The mist lay very thick all about me, but when I had climbed to higher ground it thinned away somewhat, so that as the pallid light grew I began to see something of the havoc wrought by the storm; here and there lay trees uprooted, while everywhere was a tangle of broken boughs and trailing branches, insomuch that I found my going no small labour. But presently as I forced a way through these leafy tangles, the birds, awaking, began to fill the dim world with blithe chirpings that grew and grew to a sweet clamour, ever swelling until the dark woods thrilled with gladsome music and I, beholding the first beam of sun, felt heartened thereby 'spite my lack of sleep and the gnawing of hunger's sharp fangs, and hastened with blither steps. Thus in a while I brake forth of the desolate trees and came out upon a fair, rolling meadow with blooming hedgerows before me and, beyond, the high road.

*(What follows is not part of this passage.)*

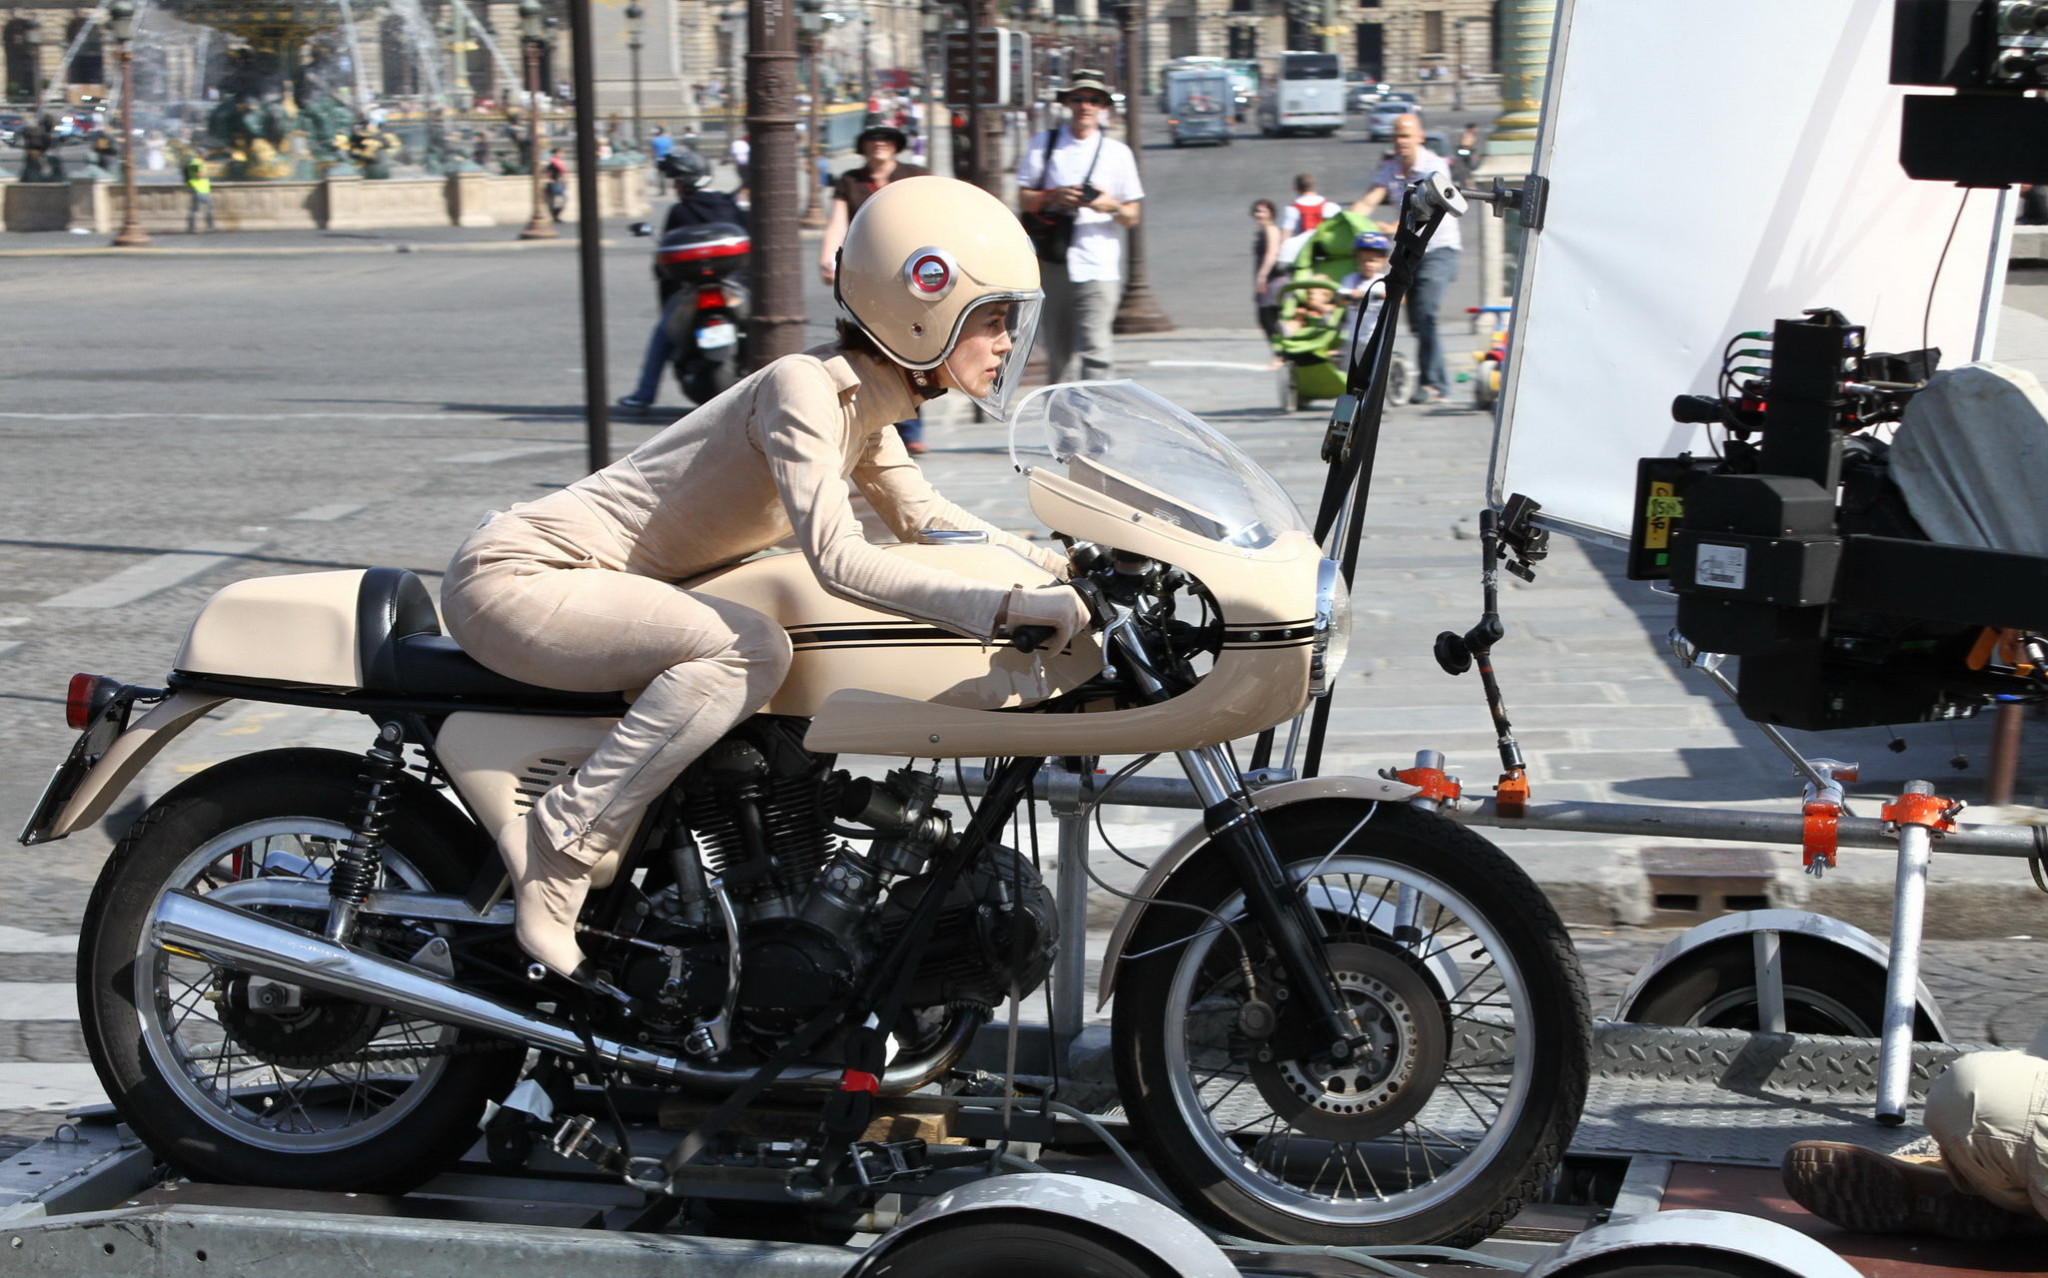 Keira Knightley in tight retro motorcycle suit shooting a commercial in Paris #75334782

And now as I stayed to get my bearings, up rose the sun in majesty, all glorious in purple and pink and gold, whose level beams turned the world around me into a fair garden all sweet and fresh and green, while, in the scowling woods behind, the sullen mists crept furtive away till they were vanished quite and those leafy solitudes became a very glory.

But my hunger was very sore, a need I purposed to satisfy soon and at all hazards; therefore, having marked my direction, I went at speed and, crossing the meadow, came into the highway and struck south. On my going through the woods I had chosen me a cudgel in place of the one lost, shortish and knotted and very apt for quick wrist-play, and I plucked forth my sailor's knife meaning to trim my staff therewith; but with it poised in my hand, I stopped all at once, for I saw that the point of the stout blade (the which I had sharpened and whetted to an extreme keenness), I perceived, I say, that the blade was bent somewhat and the point turned, hook-like. Now as I strode on again, the early sun flashing back from the steel, I fell to wondering how this had chanced, and bethinking me of those two deadly blows I had struck in the dark I scrutinised my knife, blade and haft, yet found nowhere on it any trace of blood, so that 'twas manifest the fellow had worn some protection--chain-shirts were common enough and many a rogue went with a steel skull to line his hat. So it seemed the fellow lived yet and (black rogue though he was) I was vaguely glad 'twas not my hand had sent him to his account.